Despite winning the Silver Bear at the 1974 Berlin Film Festival Little Malcolm quickly disappeared from view, only to be resurrected by the BFI in 2011. Yet echoes of it can be found in other films like sarky misanthropic Johnny in Mike Leigh's Naked (Leigh directed the first stage production of Little Malcolm)Withnail and I for the comic verve of the dialogue and even Chris Morris's inept terrorists in Four Lions. Yes it's a filmed play but when the dialogue is this good it doesn't matter and the acting is sensational. You have no idea how great an actor John Hurt is until you see it, or David Warner. When Malcolm gives his would-be speech to the massed ranks of snowy Oldham rooftops Hurt launches into an oratorical tour-de-force while at the same time hand gestures and passionate emphasis of words are pitched just too much to make them ridiculous. It's brilliant. The way he bellows 'seeeeeeize the init-i-a-tive' is both thrilling and hilarious. In its own uncompromising, unique way, it's a classic.

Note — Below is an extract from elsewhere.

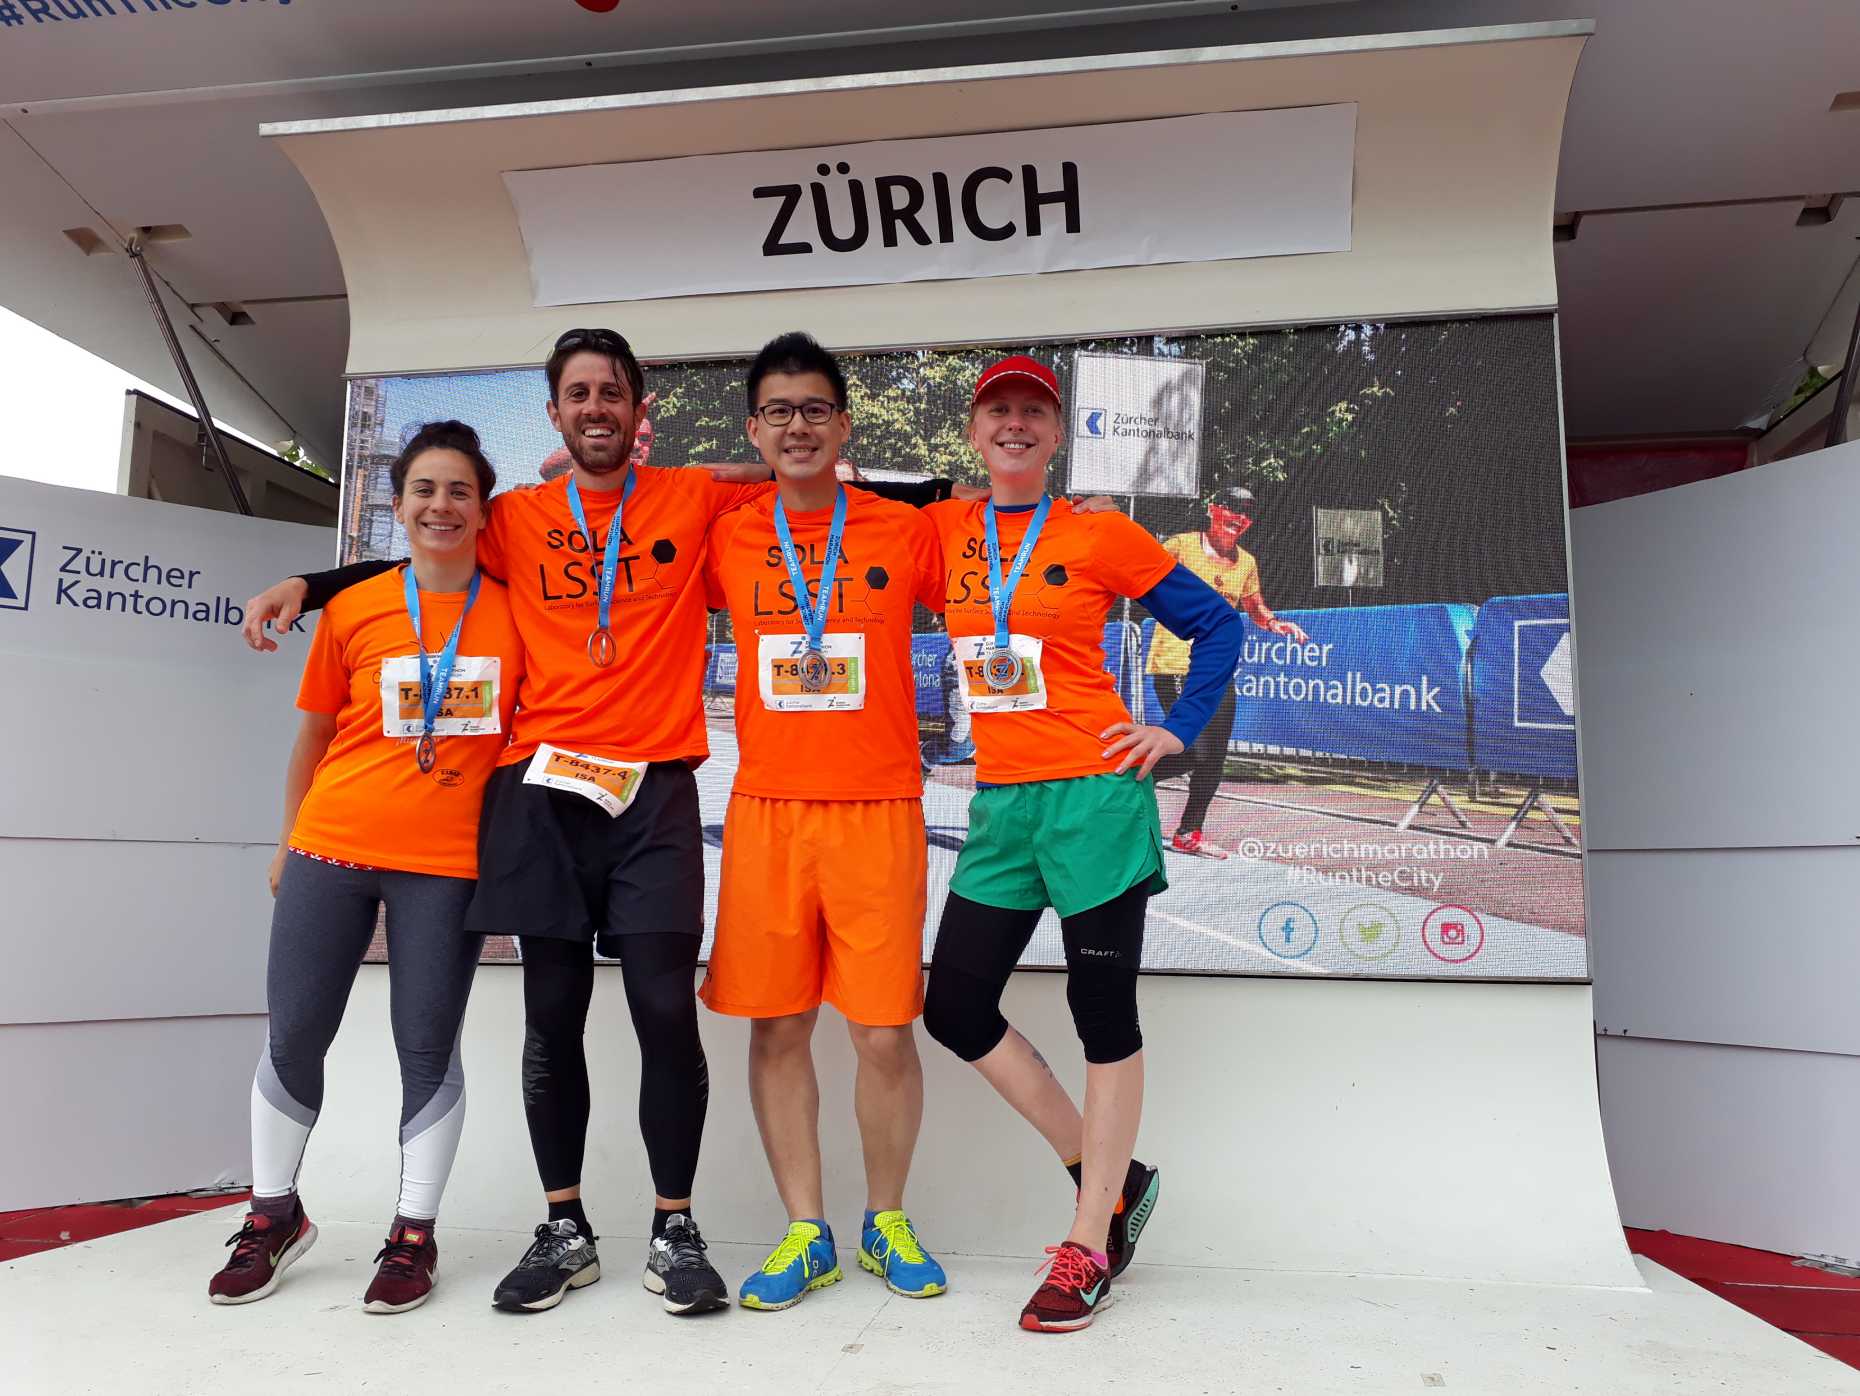 ISA Group at Zurich Marathon

Watch Me Move - Little Nemo (1911)



There had been earlier forays into animation, James Stuart Blackton's chalk-drawn Humorous Phases of Funny Faces (1906) or Emile Cohl's Fantasmagorie (1908) before Winsor McCay got in on the act. By 1911 McCay was the most famous cartoonist in America, creator of two hugely popular comic strips, Dream of a Rarebit Fiend and Little Nemo in Slumberland when, apparently inspired by his son's flip books, he decided movement was the logical next step. He hooked up with Blackton at Vitagraph Studios and they set about constructing a film around this process. Winsor McCay, the Famous Cartoonist of the N.Y. Herald and his Moving Comics, as it was called (usually referred to now as Little Nemo) begins with live-action sequences in some kind of club where McCay showcases his quick drawing skills (he was famous from a young age for this) to his artist buddies. He makes a wager that, in just one month, he can create the four thousand drawings required to make these comic characters move. They laugh good-naturedly at this madness. (Note that Cohl used 700 drawings over a four to five month period to make Fantasmagorie). Next we see him hard at work surrounded by cartoon-like props, comically large containers for paper and ink. Finally he's finished. A projector is set up in the club and we see the three famous characters from the strip - Little Nemo, Flip and The Imp - come to life, forming magically out of thin air. What follows is a moment of freedom, liberation. They contort, fight, expand like fair ground mirrors, draw other characters (that's McCay animating a character speed drawing another character) until finally Nemo rides off in the jaws of a dragon with a princess. These are not just chalk drawings but finely-rendered characters, in colour, moving through space with anarchic glee. It's the true birth of animation. Although McCay would go on to more ambitious projects like Gertie the Dinosaur, these two minutes of plotless transformation retain the magic of first moments, the breakthrough wonder of discovery.